I'm trying to perform linear convolutions in Python by comparing the results from FFTs and convolution functions.
Python's scipy.signal.fftconvolve
automatically does the necessary zero padding. If we do the calculation using only FFTs, we add a length of zeros after our input signal.
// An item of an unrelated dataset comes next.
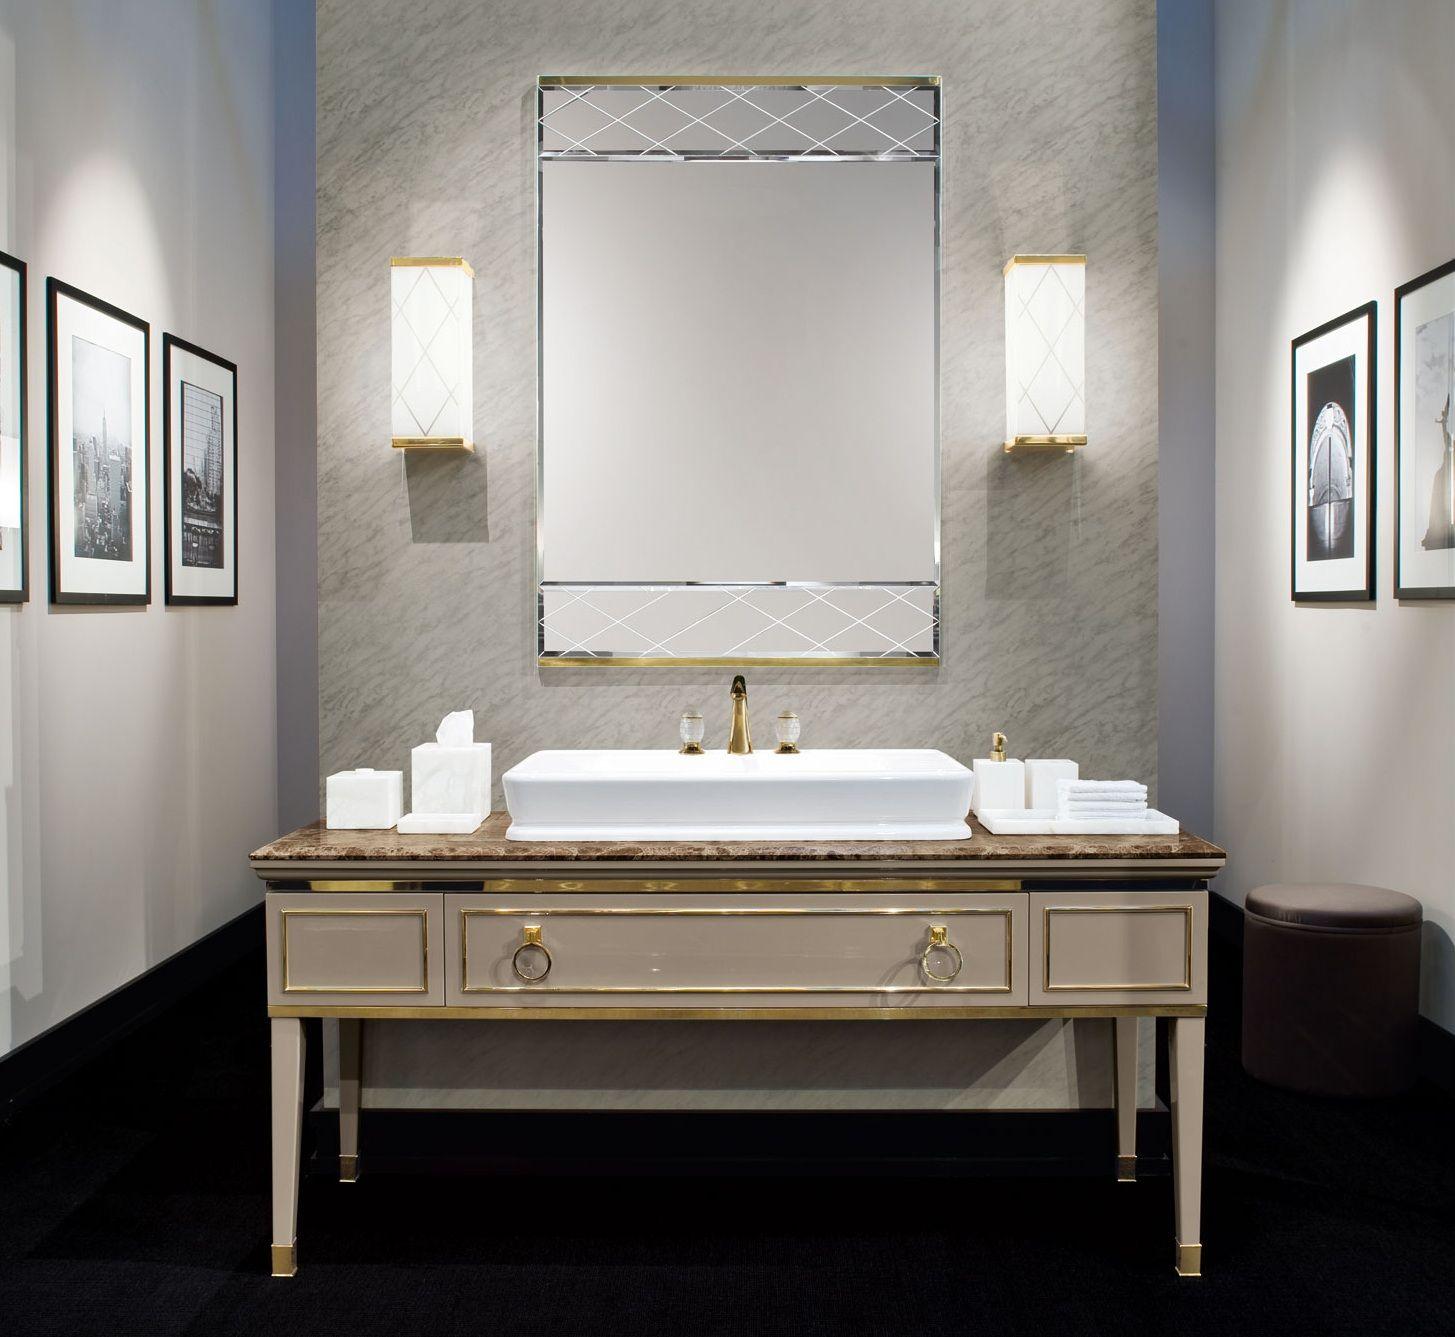 Luxury luxury homes luxury bedroom luxury bathroom luxury living

Is there a way to trim the output array of the FFT result? (The fftconvolve
has a mode='same'
option where the output array is the same size as the input.)
import numpy as np
from numpy.fft import fft,ifft
from scipy.signal import fftconvolve
import matplotlib.pyplot as plt
tf = 50
ti = -tf
N = 2**10
t = np.linspace(ti,tf,N)
T = (tf-ti)/N
x = np.exp(-4*t**2)*np.cos(t)
y = (t-2)/((t-2)**2+3**2)
z1 = ifft(fft(x,len(x)+len(y)-1)*fft(y,len(x)+len(y)-1)) # need zero-padding
z2 = fftconvolve(x,y,mode='same') # automatic zero-padding
plt.figure(0)
plt.plot(t,z2)
#plt.figure(1)
#plt.plot(t,z1)
Note: Another issue is if we change the outputs to:
z1 = ifft(fft(x,len(x)+len(y)-1)*fft(y,len(x)+len(y)-1))*T
z2 = fftconvolve(x,y)*T
(where T
is a normalisation constant) then plot either z1
or z2
, we get strange boundary effects:
This effect is explained in this DSP post, but I'm not sure how to apply the solutions to my system.